Left: Optimal transport loss values for initial point clouds with xyz-coordinates as features. The only pair that minimizes loss in a way that appears to match our visual assessment is 7 and 8 (unfortunately, labeled 6 and 7 here due to 0-indexing). Right: Just the lower triangle of the left image for easier visualization.

I then realized that some of the aortas were not aligned in 3D space, which is a problem for calculating a distance with xyz-coordinates as features. Dr. Feydy also noted that optimal transport does not generally work well if the distances are very large. To fix this issue, I decided to use open3d to perform global registration on the point clouds. This global registration is determined using fast point feature histograms, which are essentially features of each point based on its geometric neighbors. These features are matched to determine a transformation from source to target that aligns the point clouds.

Again, the optimal transport loss was minimized and visualized, this time with the xyz-coordinates of the globally registered point clouds as features.

Left: Optimal transport loss values for globally registered point clouds with xyz-coordinates as features. The only pair that minimizes loss in a way that appears to match our visual assessment is 3 and 6 (unfortunately, labeled 2 and 5 here due to 0-indexing).
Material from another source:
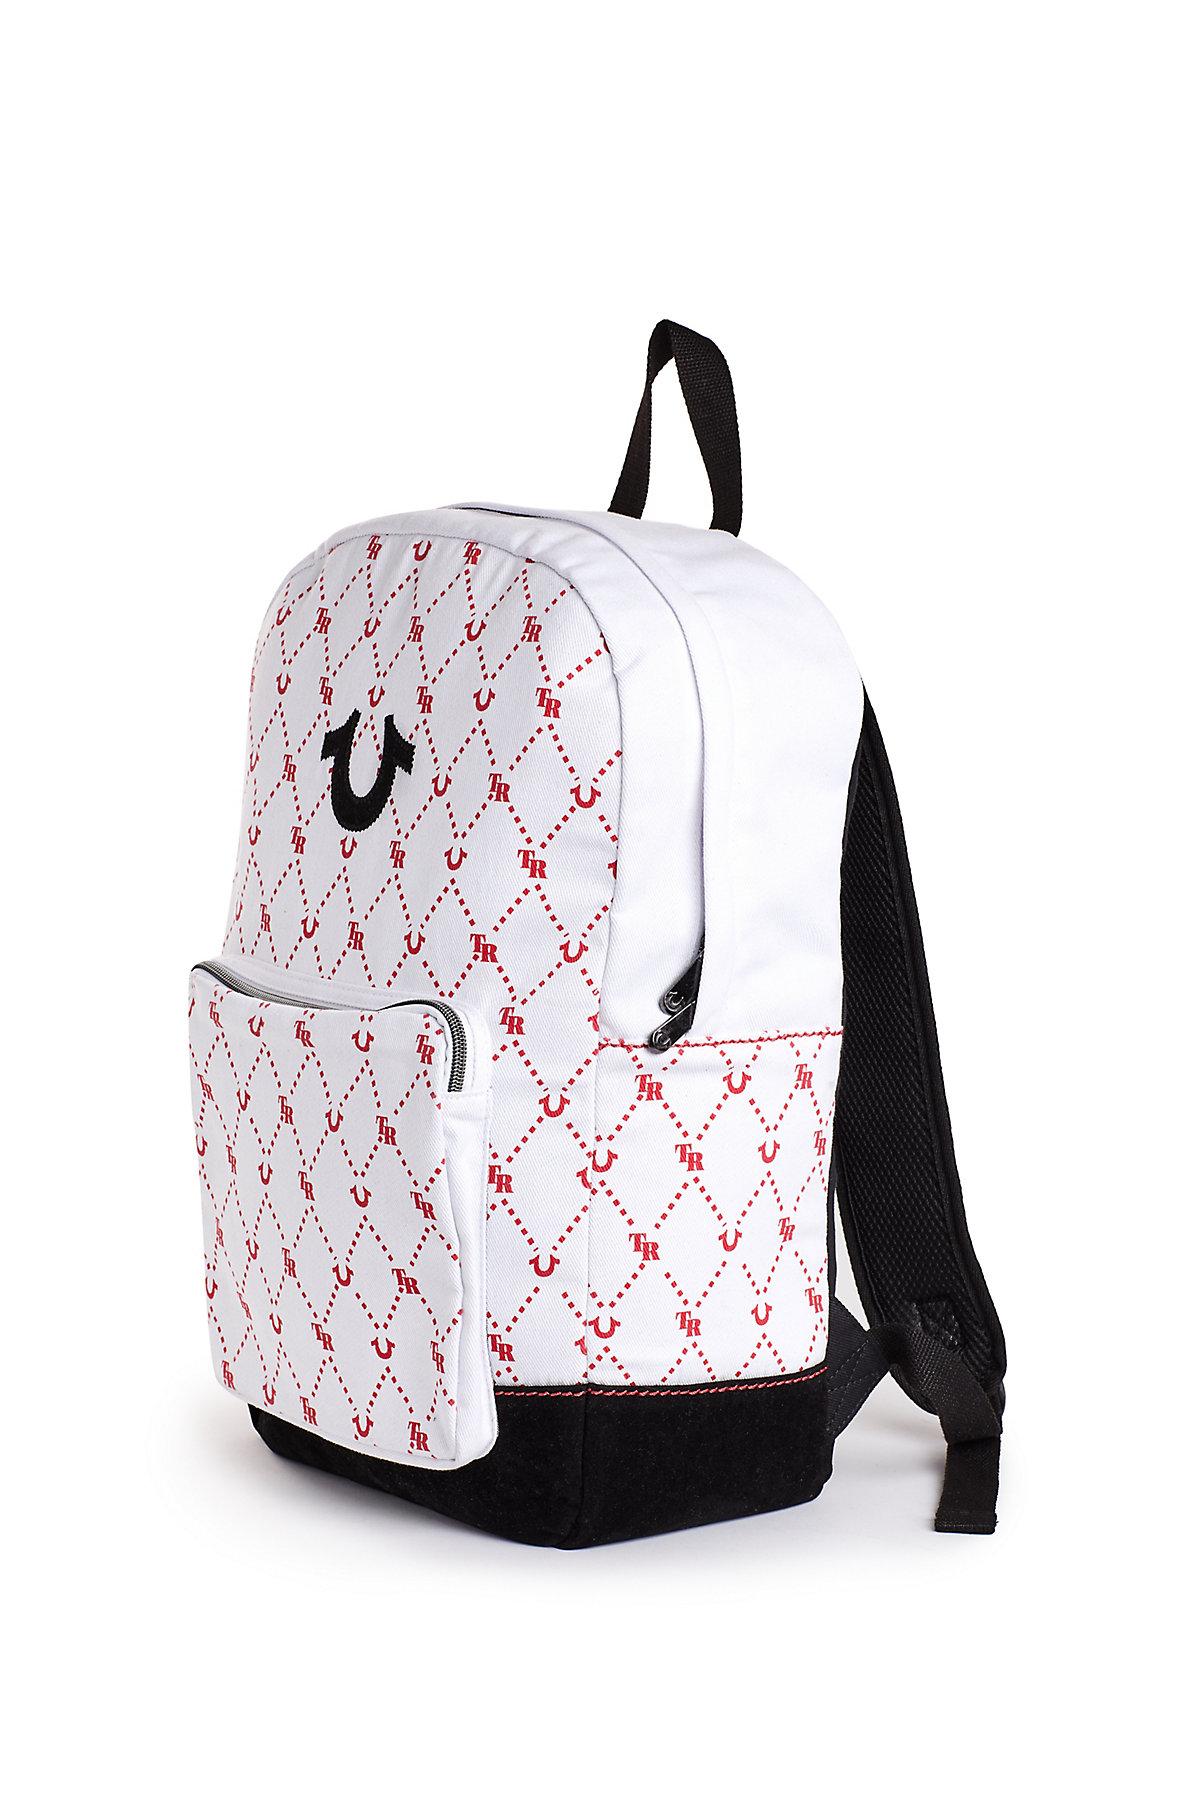 True Religion Monogram Backpack in

Right: Just the lower triangle of the left image for easier visualization.

Finally, I attempted to address the issue of scaling by applying the iterative closest point (ICP) registration in open3d to get another transformation that includes scaling. The ICP algorithm requires an initial registration, which is satisfied by the transformation matrix obtained from global registration. However, this did not appear to make a difference in the optimal transport results.
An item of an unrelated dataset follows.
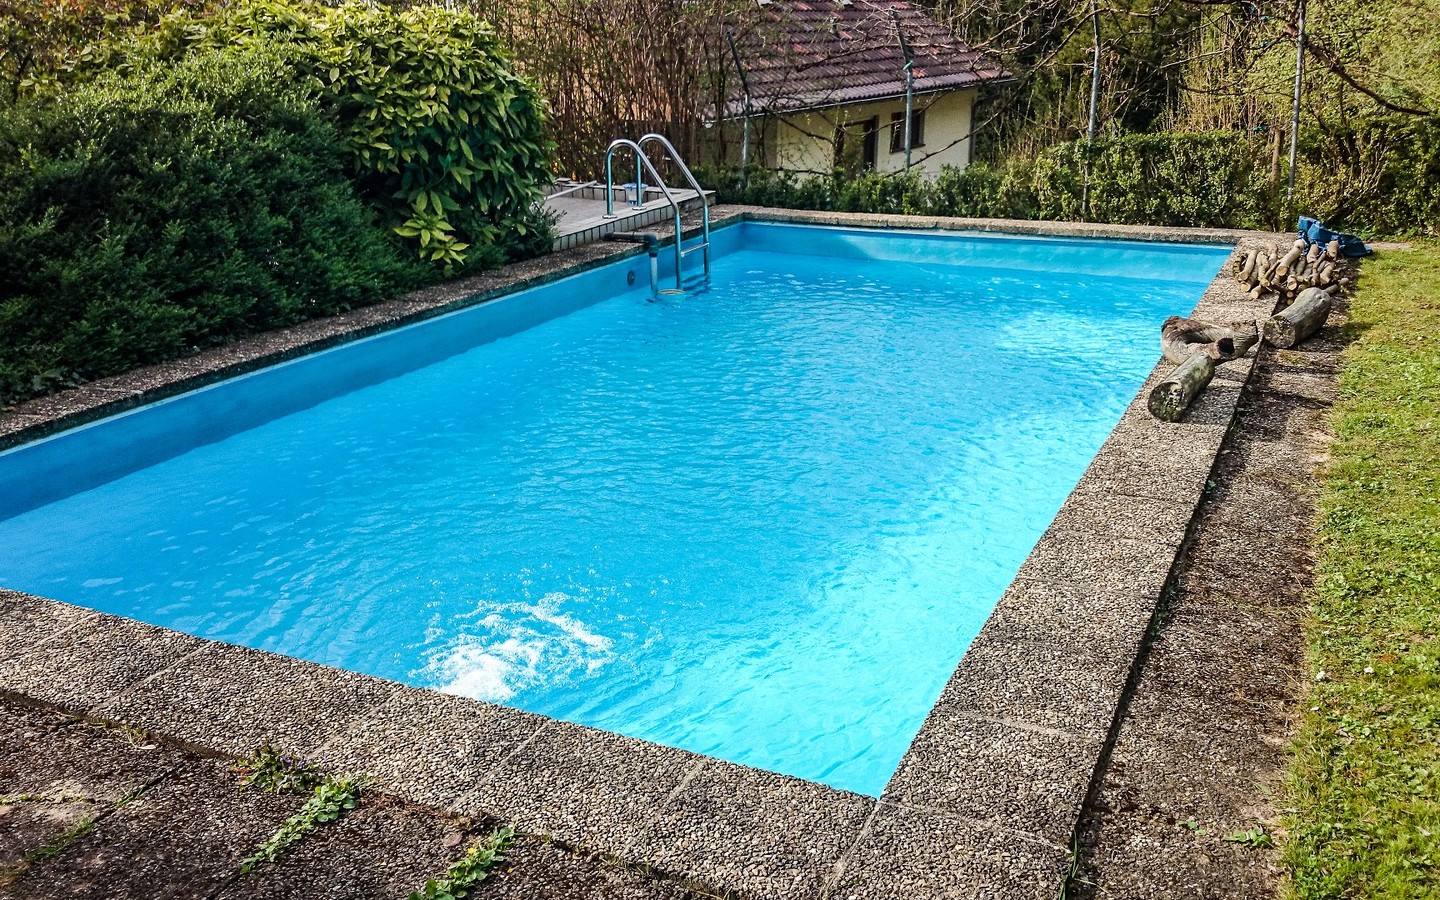 Schwimmbecken - Genau das Richtige Zuhause für Paare oder Familien mit Kindern.

Compared to our group’s qualitative assessment of which aortas looked like they would be paired, the results only corroborated one pair (7 & 8) without any registration and a different pair (3 & 6) after registration. However, the ground truth revealed at the end of the summer school was that the actual pairs were: 2 & 8, 1 & 4 (we assessed correctly), 3 & 6 (we assessed correctly), and 5 & 7. Looking back at the results, without global registration, only 5 & 7 could have been correctly paired using optimal transport. With global registration, 2 & 8, 3 & 6, and 5 & 7 could have been correctly paired. It was interesting how we were able to pair 1 & 4 visually while the optimal transport algorithm could not, yet it was able to pair 5 & 7 and 2 & 8 while we could not.

Lessons learned

Since the sizes of the aortas changed over the different scan times, the use of just xyz-coordinates is difficult: scaling matters. In addition, the xyz-coordinates do not capture geometric areas of the aorta that may vary across patients, but not over time. Using features that capture the general shape of the point cloud or domain-specific features (for example, the radius of specific arteries attached to the aorta) may have led to better outcomes. If there was more data, specifying the 3D features might become less important, as neural networks can be used to learn a latent representation of the object. Finally, although I learned about the concept of optimal transport, which is an interesting approach to compare two distributions, I would have to dig deeper into it to better understand its limitations compared to other approaches. Of course, both understanding and implementation is a huge barrier when trying to apply these types of advanced methods to complex problems, which is why I was limited to trying things that could be extended from existing implementations.